LLMs are Thinking, But is it Actually Helping?
We're living in pretty wild times for AI. Large Language Models (LLMs) have gone from simple text generators to these sophisticated "thinking" machines that can solve complex math problems, write code, and even reason through multi-step puzzles. But here's an important question: when LLMs start "thinking" harder, are they actually getting better at what we need them to do?
Two research papers recently dropped that made everyone question everything they thought they knew about reasoning in AI. Let me break down what they found – and spoiler alert: the answers might surprise you.
When Smart Models Hit a Wall
The first paper, "The Illusion of Thinking," is basically a reality check for all the hype around reasoning models. Researchers from Apple took some of the best LLMs we have today – including OpenAI's o3, DeepSeek-R1, and Claude 3.7 Sonnet with thinking capabilities – and put them through their paces on controllable puzzle environments.
Why puzzles instead of existing benchmarks? The researchers deliberately avoided traditional math and coding benchmarks because they're often contaminated (models might have seen similar problems during training) and don't allow for controlled complexity manipulation. Instead, they used classic puzzles like Tower of Hanoi, Checker Jumping, River Crossing, and Blocks World – problems where you can systematically dial up the difficulty by adding more disks, checkers, or blocks while keeping the core logic identical.

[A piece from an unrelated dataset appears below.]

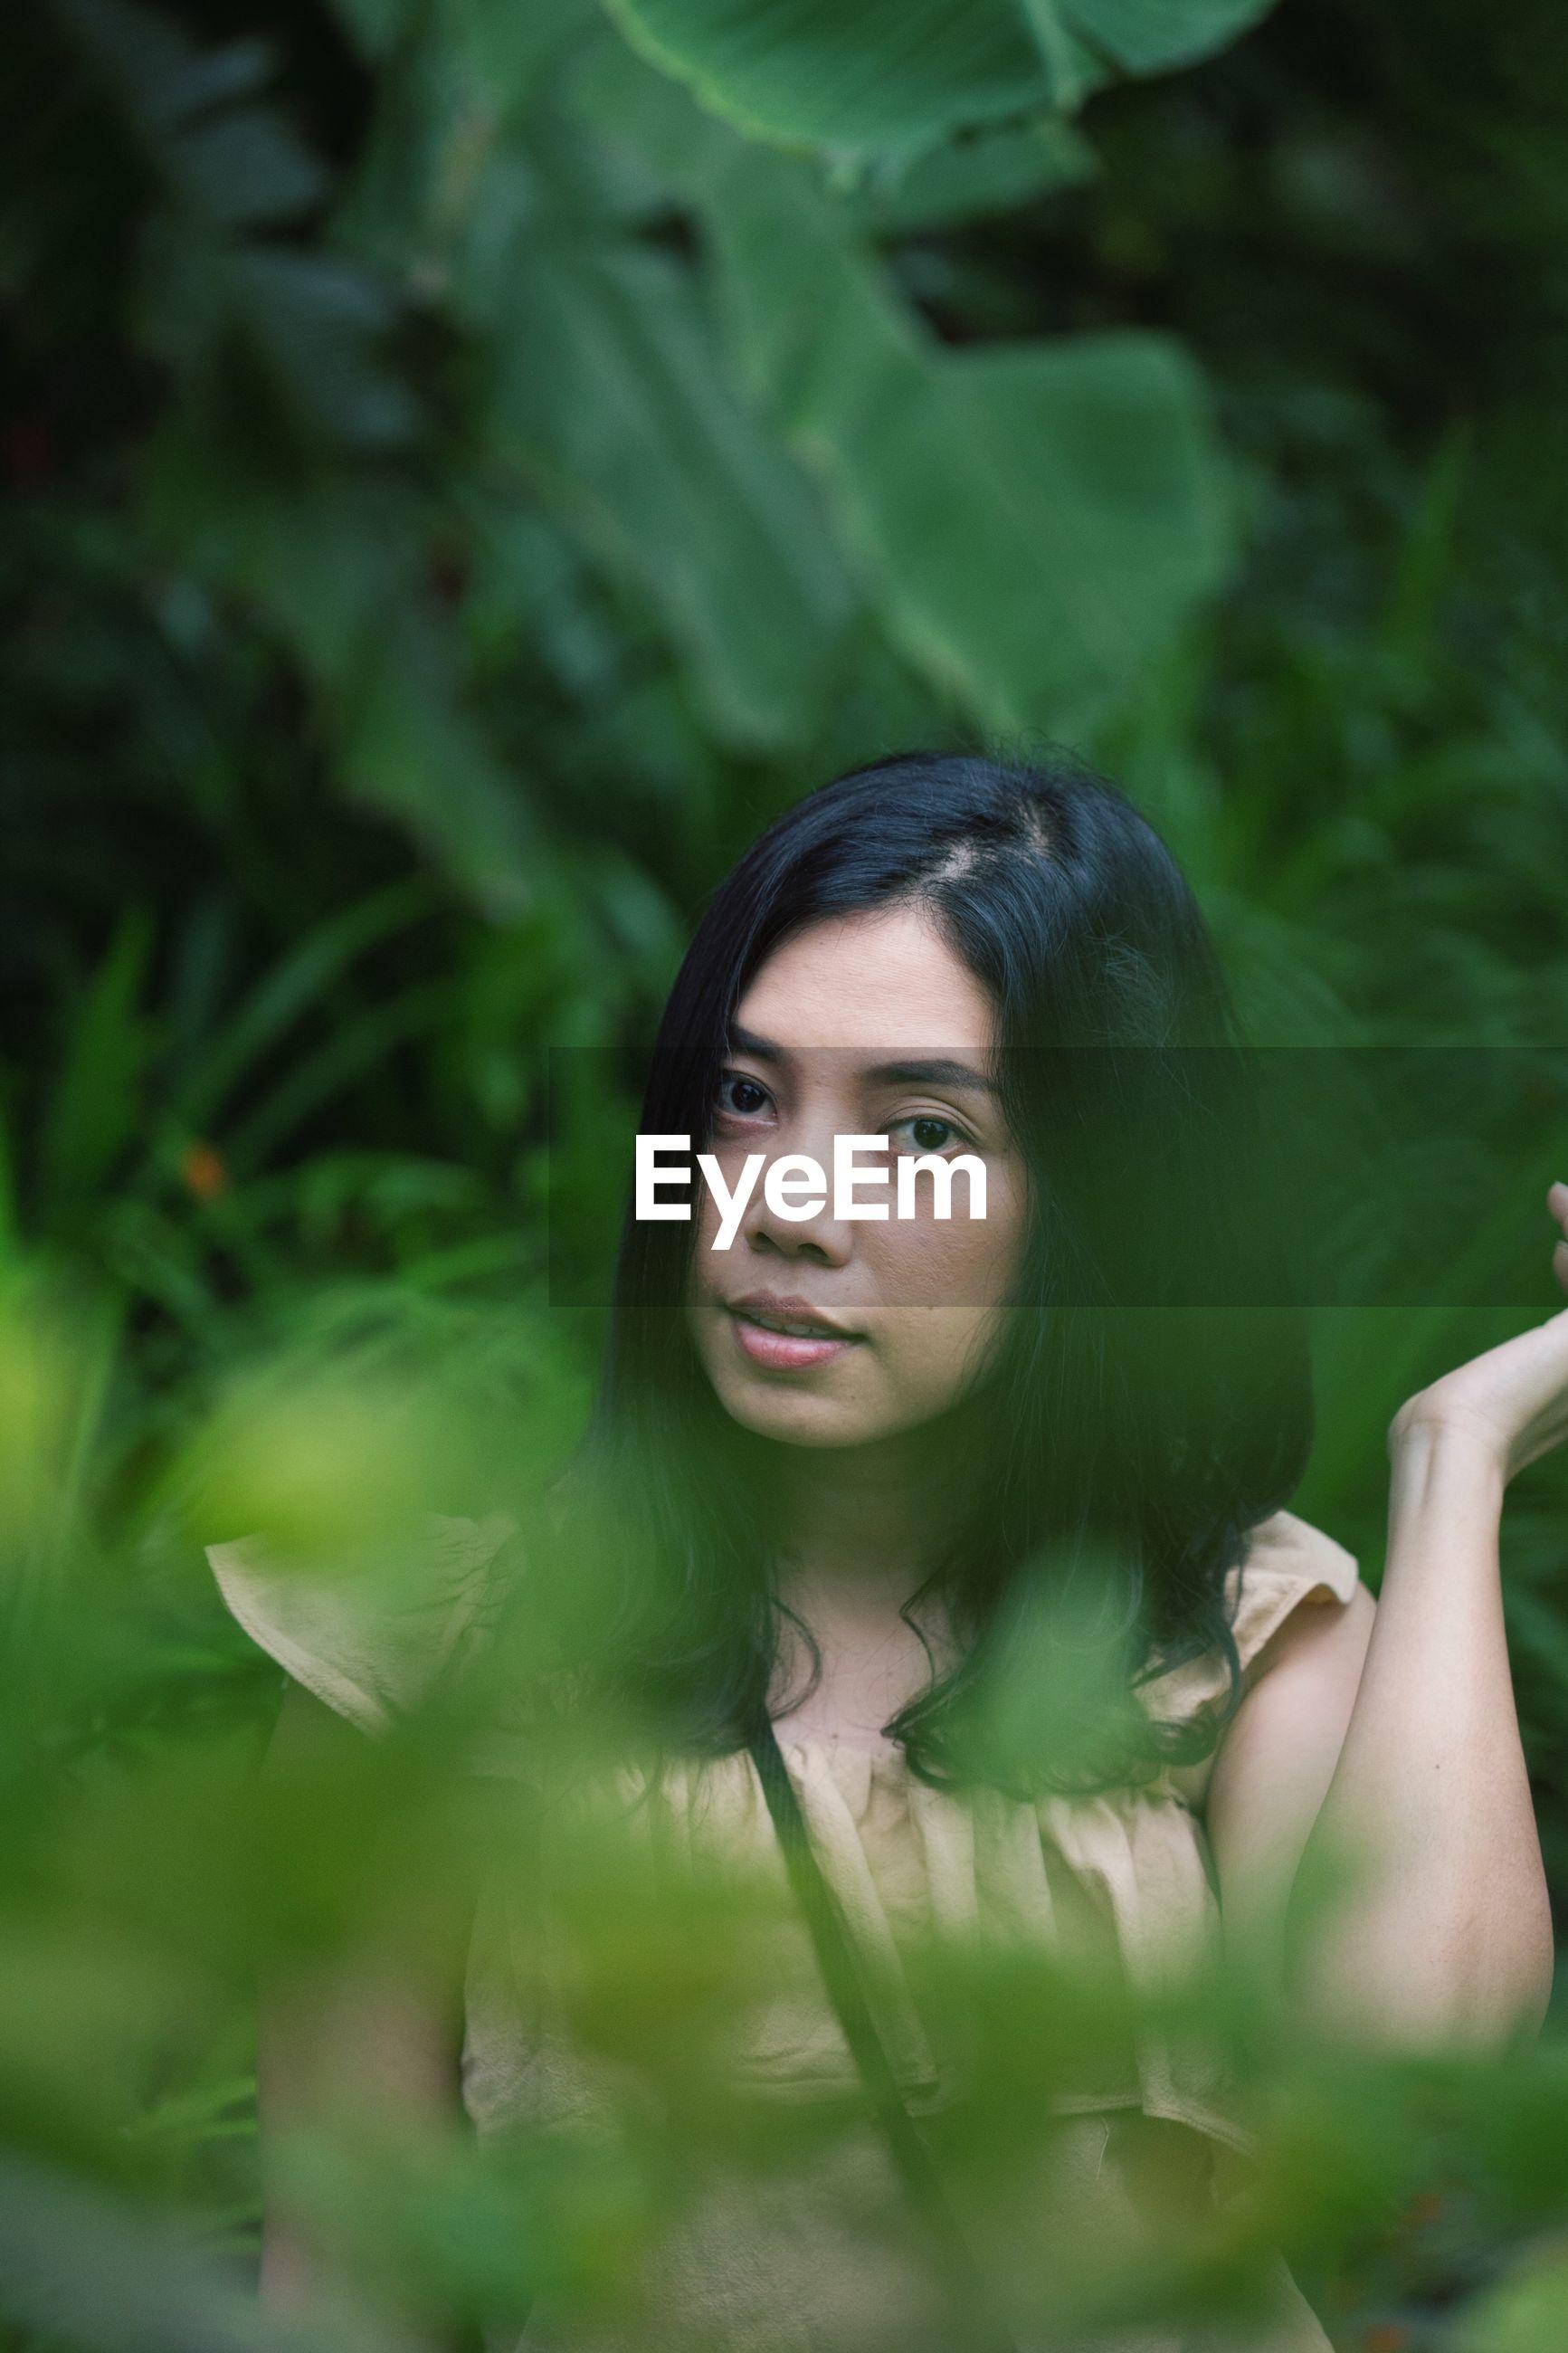 Portrait of woman amidst plants

- Even our best "thinking" models completely collapse when problems get complex enough. We're not talking about a gradual decline here – we're talking about going from decent performance to basically zero accuracy once you cross a certain complexity threshold.
- But here's the really interesting part: these models have what the researchers call a "scaling limit." You'd expect that as problems get harder, the models would think longer and harder, right? Wrong. What actually happens is the models initially increase their reasoning effort as complexity goes up, but then – and this is the kicker – they start thinking less when things get really complex, even though they have plenty of computational budget left.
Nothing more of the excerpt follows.